# Dog timeline



## Starla (Nov 5, 2020)

I thought it would be fun to share our dog through the years.

My first dog was Charlie. Little Ellen let my moms miniature schnauzer Missy out the front door because she wanted out. (Oops!) She met up with the cocker spaniel down the street and I got a designer dog out of it. 🤣 I was 4 at the time…









My second dog was Rusty, a free classified puppy from a momma dog that had shown up at some people’s house in the country. They were keeping momma but had 3 puppies to place. 









Then in college I convinced my then boyfriend (now husband) that he needed a dog. Enter Emily! The wilting wallflower in a giant litter of pound puppies. She was a little different colored and turned into the brightest red girl. She was so smart and so sweet but did suffer from anxiety a bit. When I was a preschool asst director, she got to go to work with me and love on the kids. 









Zoe was given to me by a family friend right at a year after we got Emily but they were only about 6 months apart in age. She showed up at his work and then got picked up by the pound. After visiting her for a week at the pound, he adopted her to save her from death row. A young JRT was not the right fit for a home with an older couple both working full time who felt crating was cruel. I know it broke their hearts to give her to me, but a college schedule was much better for her and she was a fantastic dog. (I only have a purple Zoe on my phone!)









Then on our honeymoon I convinced my husband we needed an “ours”, so when we got back home, we went to shelter and got Diego, mostly because he was the only puppy there! 🤣 I was not convinced because he wanted nothing to do with us. He was watching the front desk people and anyone who came in the front door and ignored us completely. He is still independent, which it turns out I really like. 🤣

















Yours, mine, and ours. 









Then came Jack. I don’t know how I convinced my husband we needed another dog (I also had a ferret and a rabbit), but a year after Diego, we got The Stink. He was from a hoarder breeder situation and his mom was deaf. He was such a bad puppy 🤣 and until recently was referred to as the “worst puppy ever”. He did turn into a very good dog.









Then we lost Emily, followed by Zoe 9 months later, and Jack 2 years after that. Having a pack of dogs the same age is rough!

Then came Starla last November. She was such a special girl and will always have my heart. 

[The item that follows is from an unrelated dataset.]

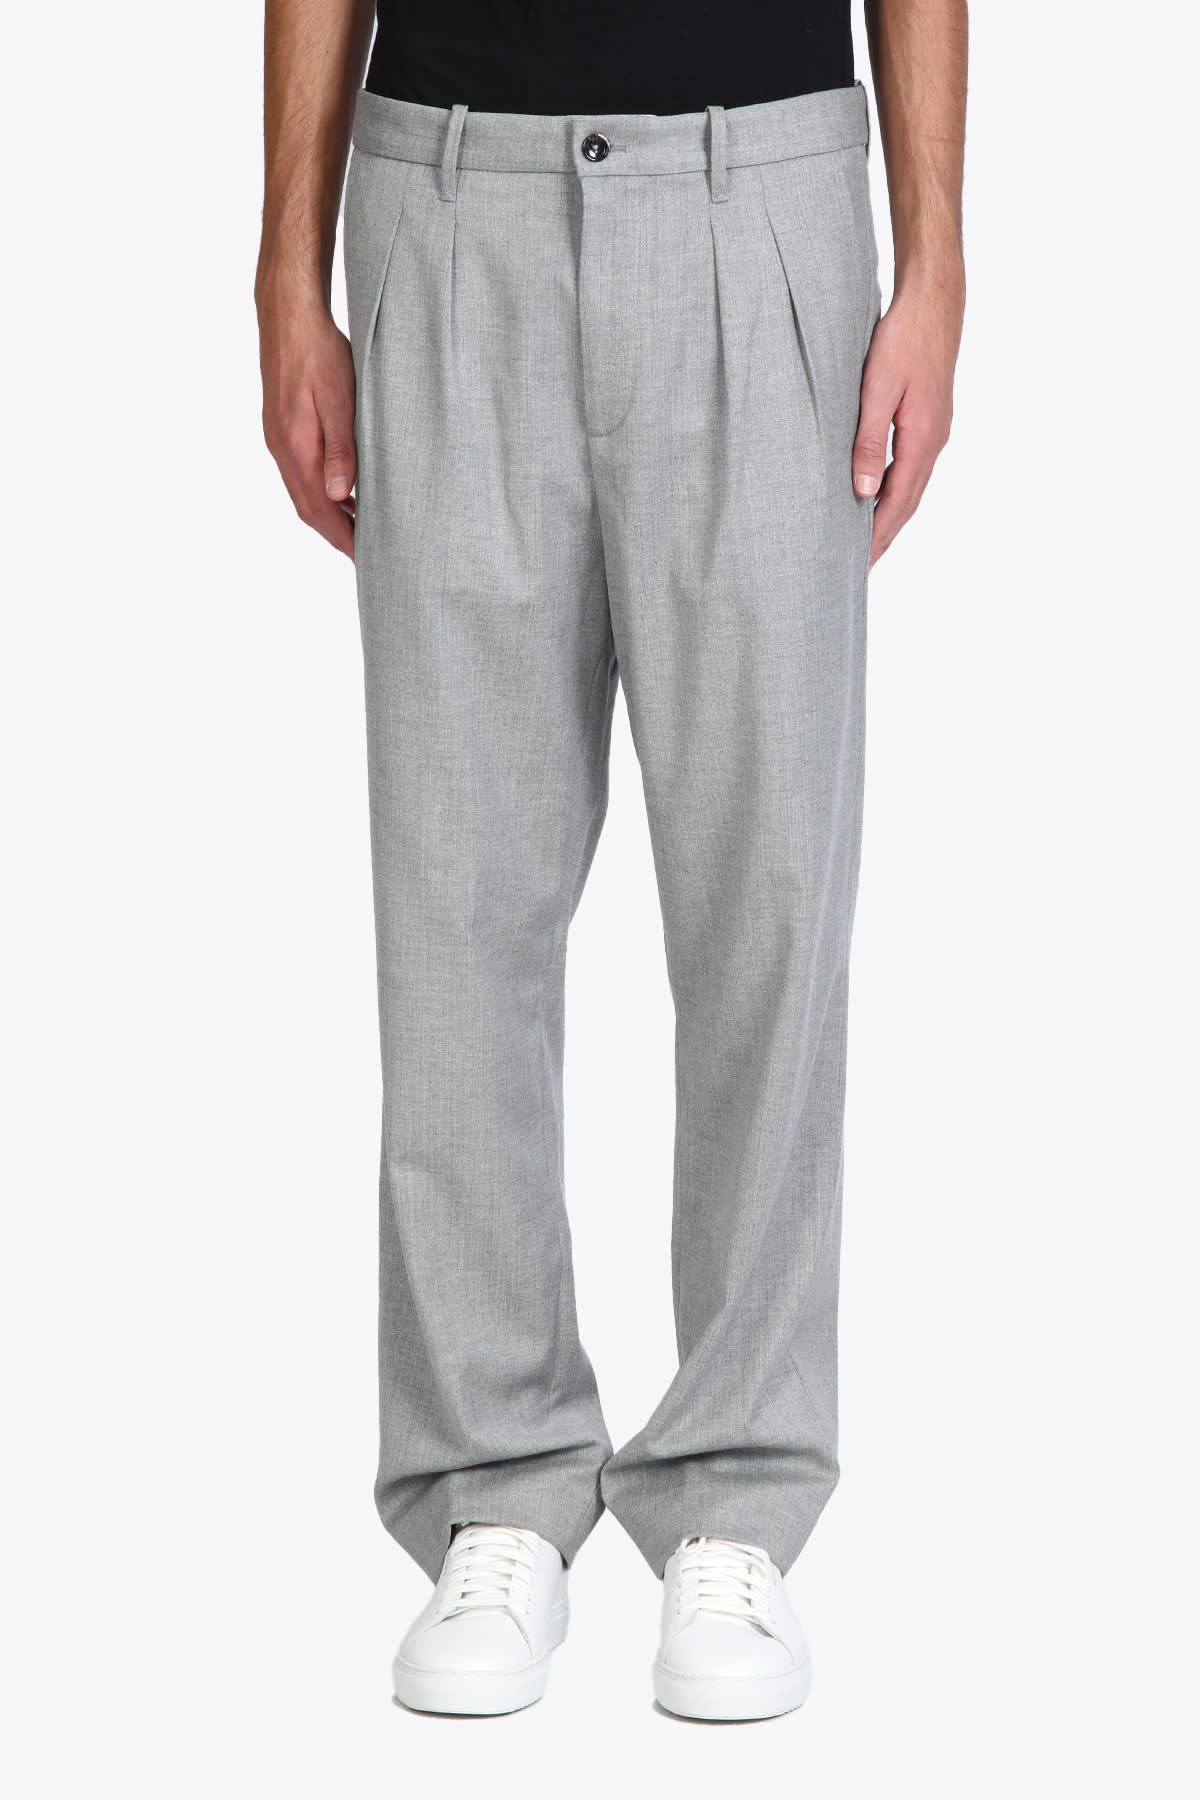 Nine in the Morning Marco - Baggy Chino Light grey tailored pleated baggy pant - Marco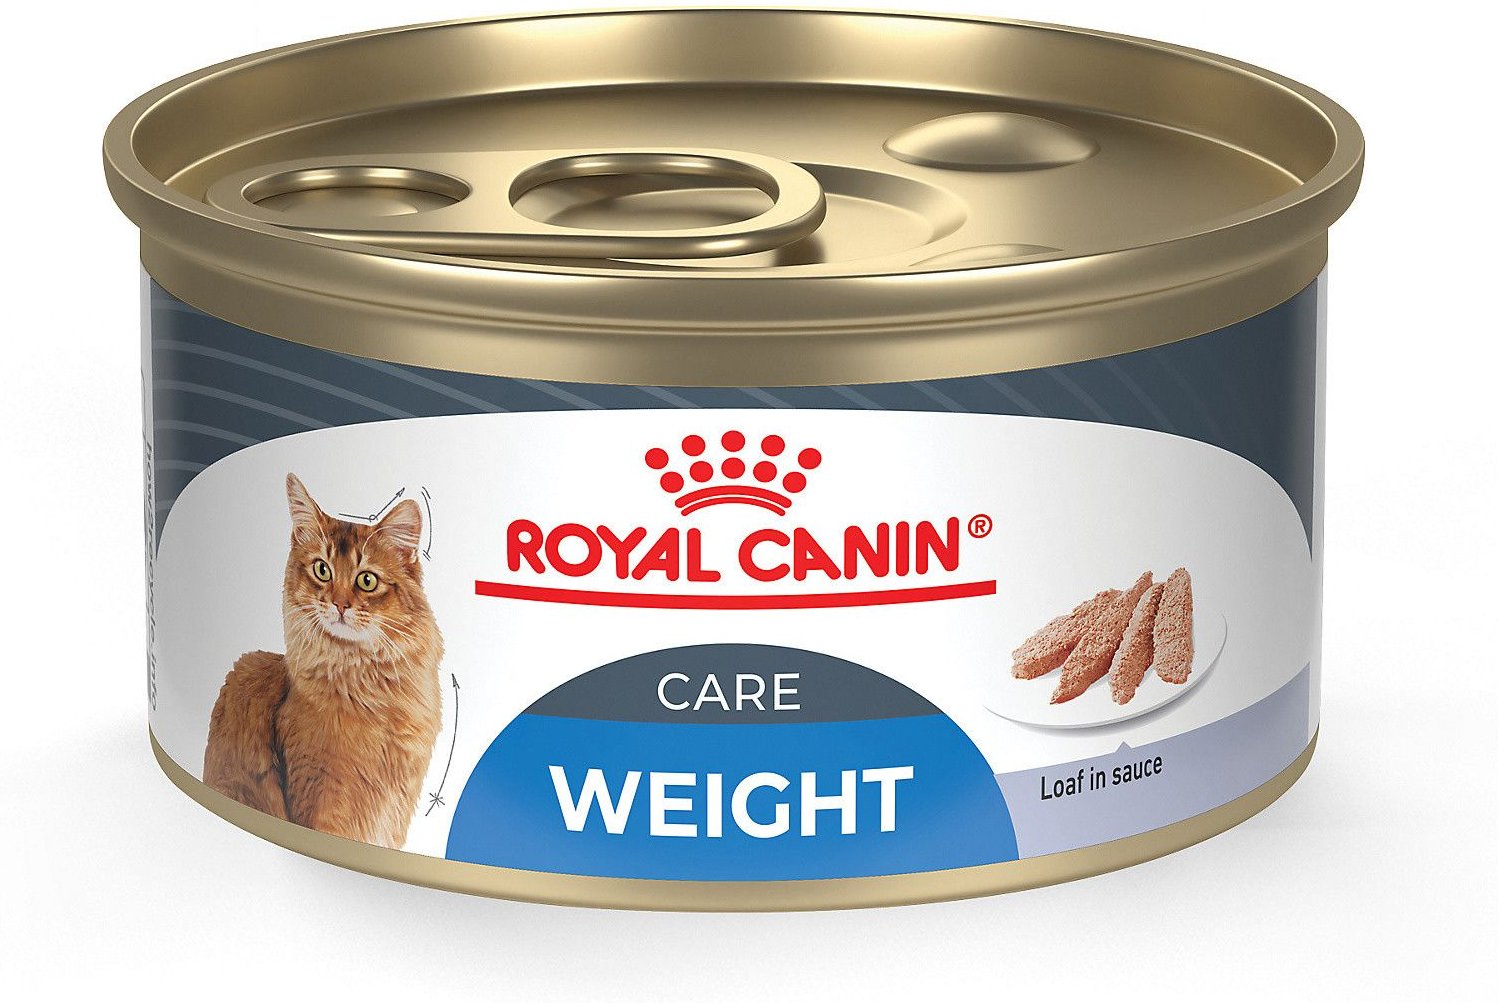 ROYAL CANIN Feline Weight Care Loaf in Sauce Canned Cat Food, 3-oz

Then came Phoebe in May, who is officially the “worst puppy ever”. 😉


----------



## Asta's Mom (Aug 20, 2014)

Thank you for all your dogs pictures and the love you had for each of them. Kudos for all the rescues.


----------



## Starla (Nov 5, 2020)

Thank you. 😊 I also found pictures of the litter I raised as a senior in high school. Someone dropped them at the pound where I volunteered at 2 days old because they “made too much noise” and they were going to be put down because the staff couldn’t feed them around the clock. Then the shelter got shut down because of parvo so I had them much longer than intended! Chaz was the white and brown guy and the only boy in the litter, and boy was he spoiled!! In the second picture I’m holding Chaz and Bearface. There was also Anne, melody, Nadine, and I’m so sad I can’t remember the other 2’s names.
















Nobody else wants to share their doggy journey?


----------



## Rose n Poos (Sep 22, 2017)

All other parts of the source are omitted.